Ficou atrás apenas da Austrália (10 mil), que leva vantagem por ser uma base mais próxima para negócios com países asiáticos, ter uma taxação de herança mais baixa e ser um país muito seguro.
Medo de violência
O empresário do mercado financeiro Cesar Braga trocou o Rio de Janeiro por Miami no final de 2015, motivado pelo agravamento da instabilidade político-econômica após a reeleição de Dilma Rousseff (PT). Casado com uma americana, mãe de suas duas filhas, ele conta que a mudança para os Estados Unidos sempre fora um plano B.
A escalada da violência na capital fluminense também pesou na decisão de levá-lo adiante. “Como atuava no mercado financeiro, percebi que a situação ia ficar caótica nos próximos anos. Mais da metade dos nossos amigos saíram do Brasil”, conta.
Braga acredita que, financeiramente, ainda compensa morar no Brasil, um país mais barato e flexível do ponto de vista do planejamento tributário do que a América de Trump. A vida nos Estados Unidos também é menos confortável – já que lá não é tão comum ver milionários cercados de empregados. A despeito disso, ele não tem planos de fazer o caminho de volta.
“Adoro passar férias no Rio, mas hoje não vejo a menor perspectiva de voltar. Ao contrário do cara que vem na raça (aos EUA) ser entregador de pizza para mandar dinheiro pra casa, na atual emigração, estão vindo empresários com recursos trazendo suas famílias.

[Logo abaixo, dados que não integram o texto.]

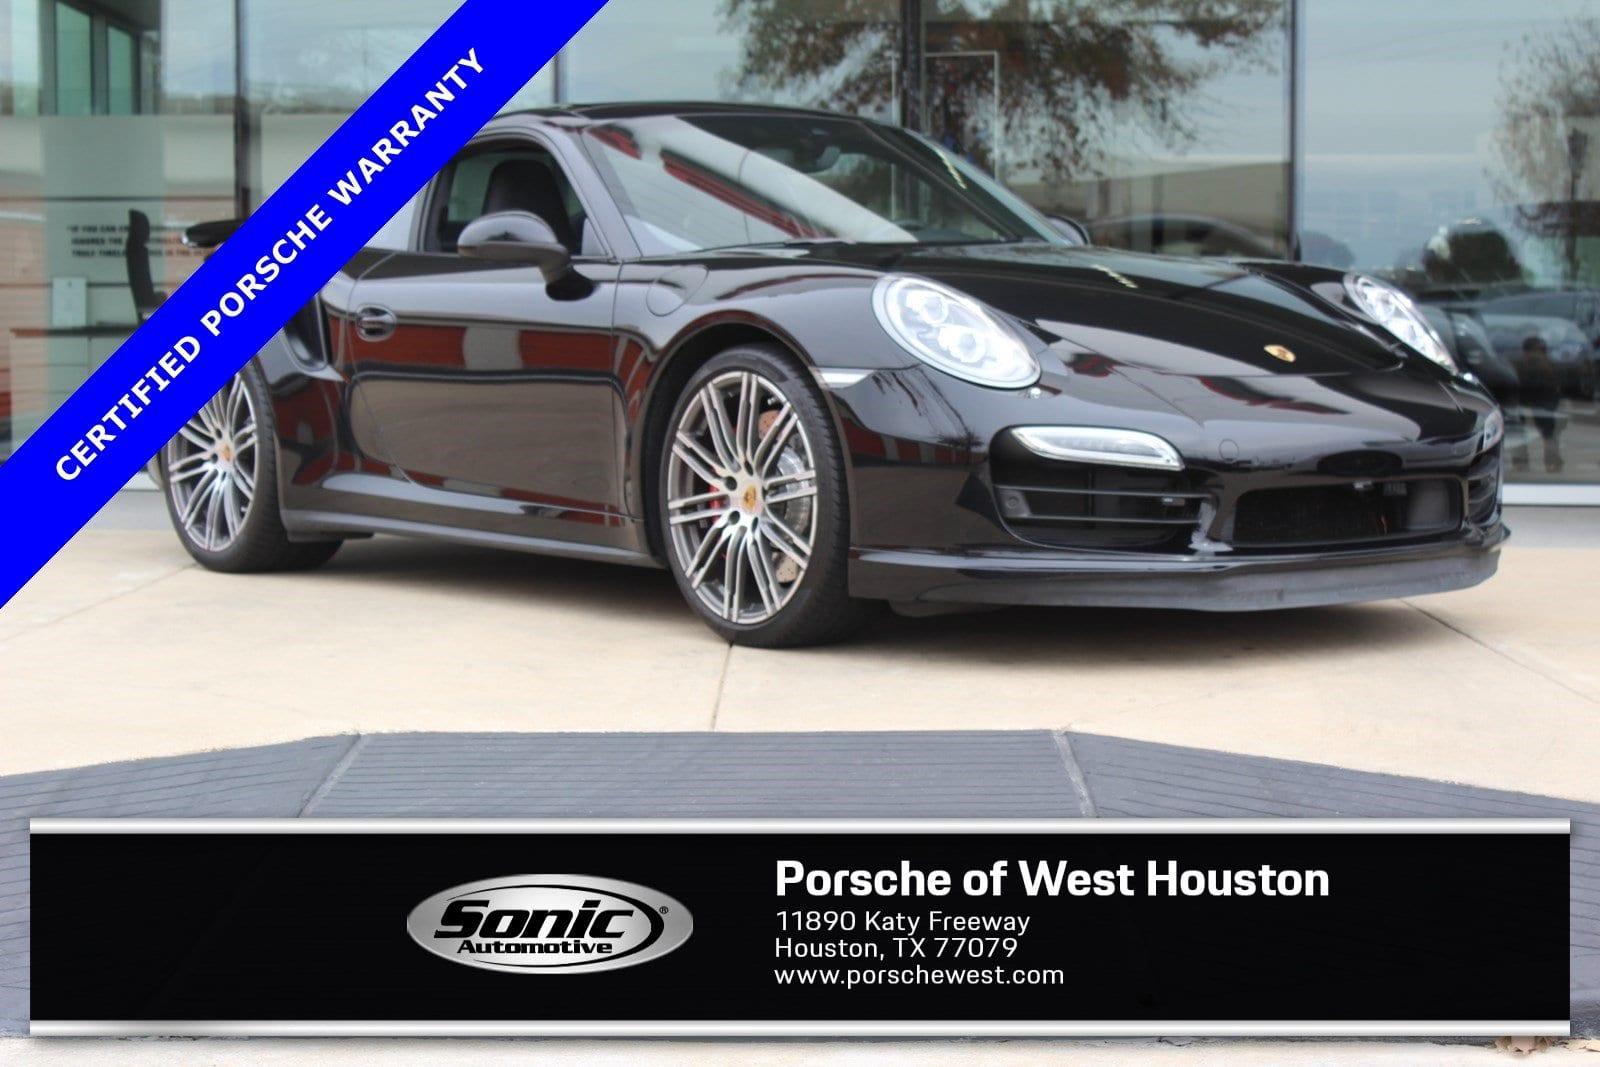 Photo 2015 Porsche 911 Turbo 2dr Cpe in Houston

Depois que você se estabelece fica difícil voltar”, diz.
A New World Wealth destaca que o argumento – geralmente usado por críticos à chegada de um grande número de estrangeiros – de que os imigrantes estariam sobrecarregando os serviços públicos e roubando empregos não se aplica aos milionários e bilionários, que dificilmente recorrem ao setor público em busca de saúde e educação ou concorrem aos empregos locais mais disputados.

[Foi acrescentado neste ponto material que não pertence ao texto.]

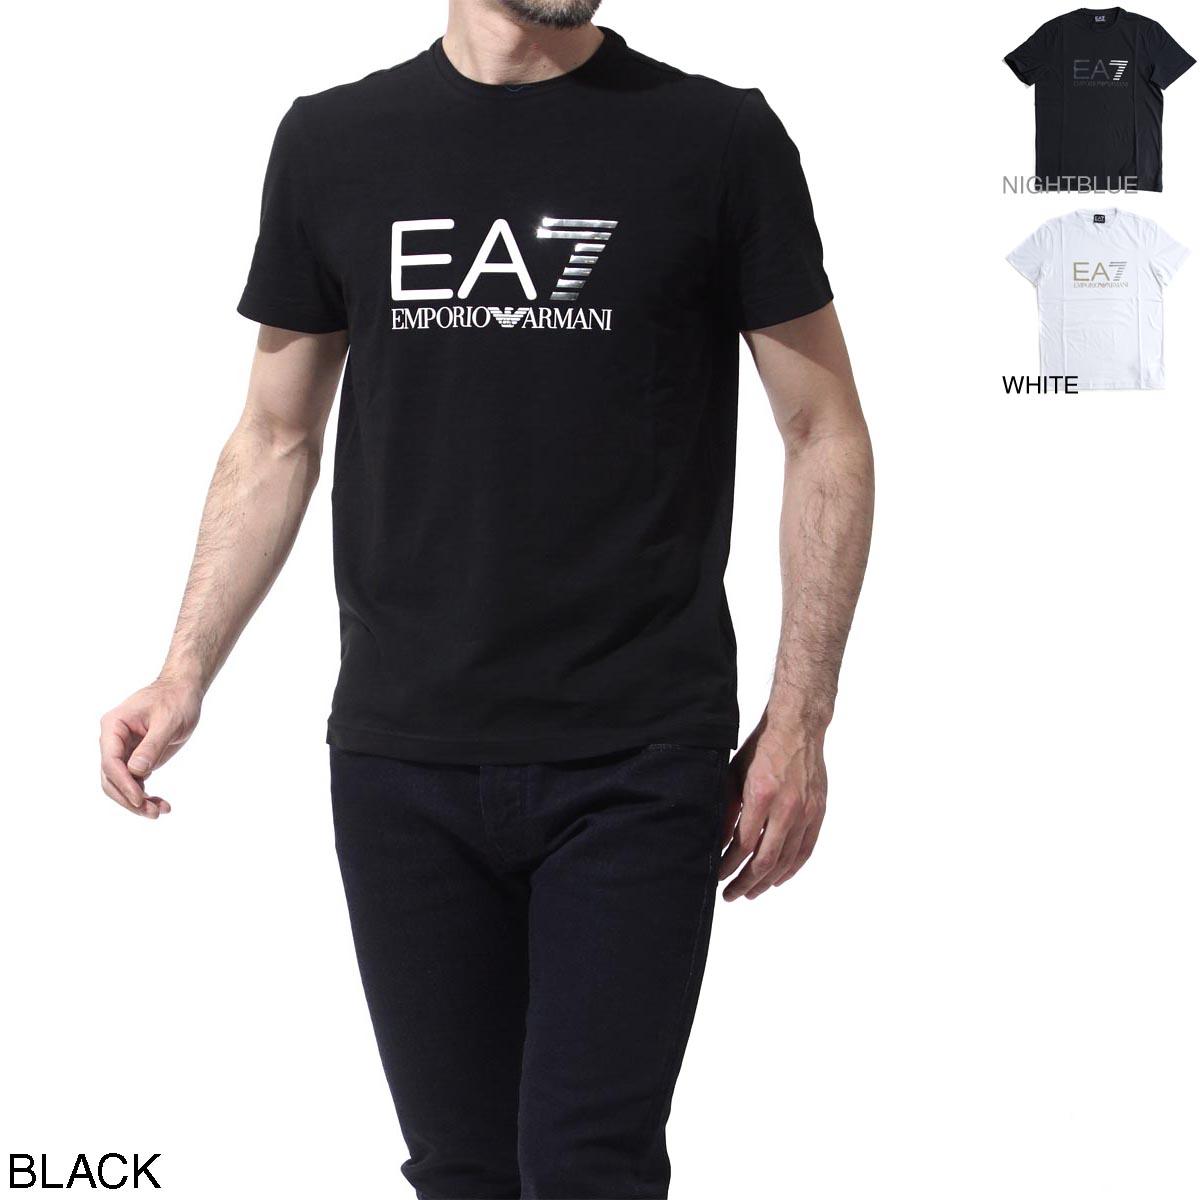 armani ea7 t shirt black sale   OFF30% Discounts cc23e87f92

Segundo a entidade, o único possível ponto negativo de abrigar esse tipo de imigrante seria a possibilidade deles inflacionarem os preços dos imóveis.

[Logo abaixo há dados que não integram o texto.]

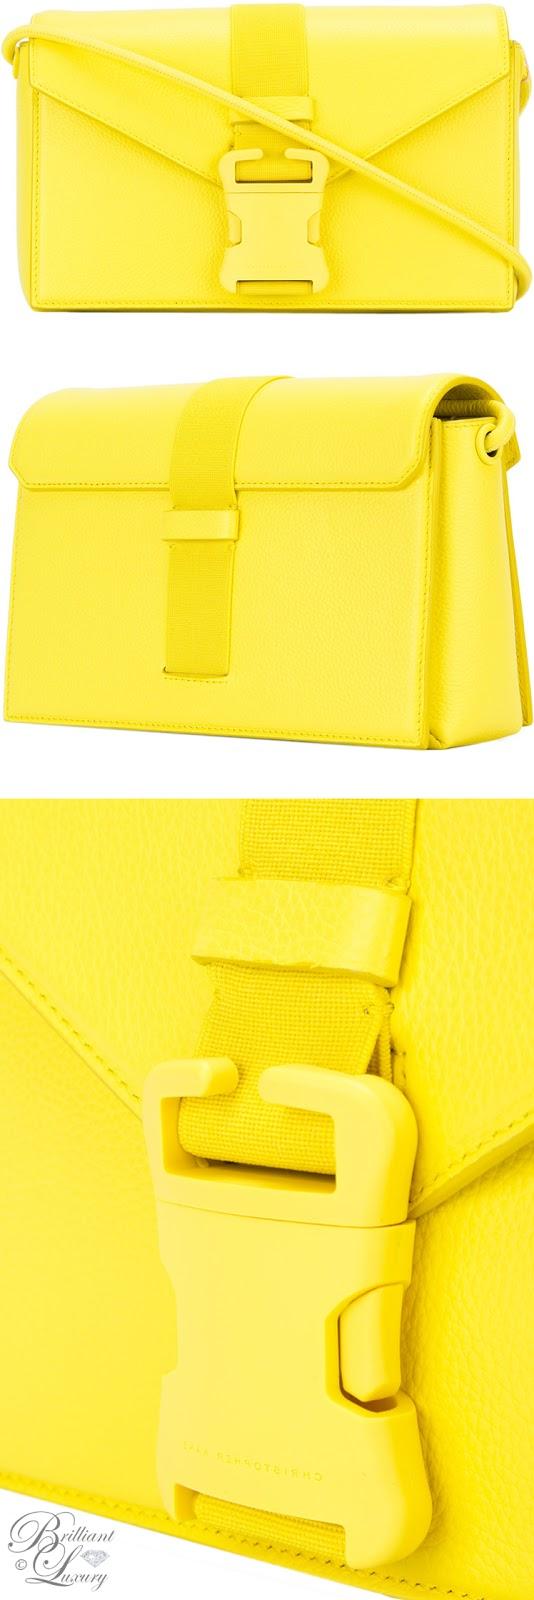 Brilliant Luxury ♦ Christopher Kane Devine yellow shoulder bag

Mas dinheiro é sempre bem-vindo, e não é à toa que vários países europeus, por exemplo, oferecem até passaportes a pessoas que investem na economia local ou compram imóveis de alto valor.
Os Estados Unidos facilitam o estabelecimento legal do novo cidadão rico no país. O mecanismo mais comum – e diretamente ligado à capacidade de investimento do candidato – é o visto EB-5, que concede o green card em troca de um investimento mínimo de US$ 500 mil (cerca de R$ 2 milhões) em uma empresa, desde que gere empregos para trabalhadores americanos.
Em Portugal, há grande procura pelo visto de residência gold, concedido a quem investe ao menos 500 mil euros em imóveis em terras lusitanas. De 2015 para 2017, o valor investido por brasileiros em imóveis no país europeu praticamente dobrou, chegando a US$ 1,07 bilhão, e saindo de 10% para 17% do investimento de nacionais em imóveis no exterior. Os dados são do Banco Central.
Mas essas transações – ou mesmo a “venda” de nacionalidade ou do direito de residência – começam a ser reavaliadas. No caso de Portugal, o Parlamento deve votar em setembro a eliminação do gold por conta de suspeitas de seu uso para corrupção e lavagem de dinheiro. Já nos Estados Unidos, há pressões de críticos por uma reforma, com aumento dos valores mínimos de investimento para a concessão do EB-5.
Apesar de permanecer entre os dez mais em evasão de fortunas, o quadro do Brasil em 2017 foi menos agudo. Os dois mil milionários que cruzaram a fronteira tupiniquim para morar fora representaram 1% do total de 162,5 mil que a New World Health estimava viverem no país.
Em 2016, ano do impeachment da ex-presidente Dilma, 8 mil foram embora. Naquele período, a desaceleração da economia, o vírus Zika e as crescentes taxas de criminalidade brasileiras foram apontados pelo relatório como catalisadores do movimento.
Não havia previsão de melhora do quadro. Agora, o resultado das eleições presidenciais de outubro deverá ser uma variável determinante para a tendência dessa curva migratória.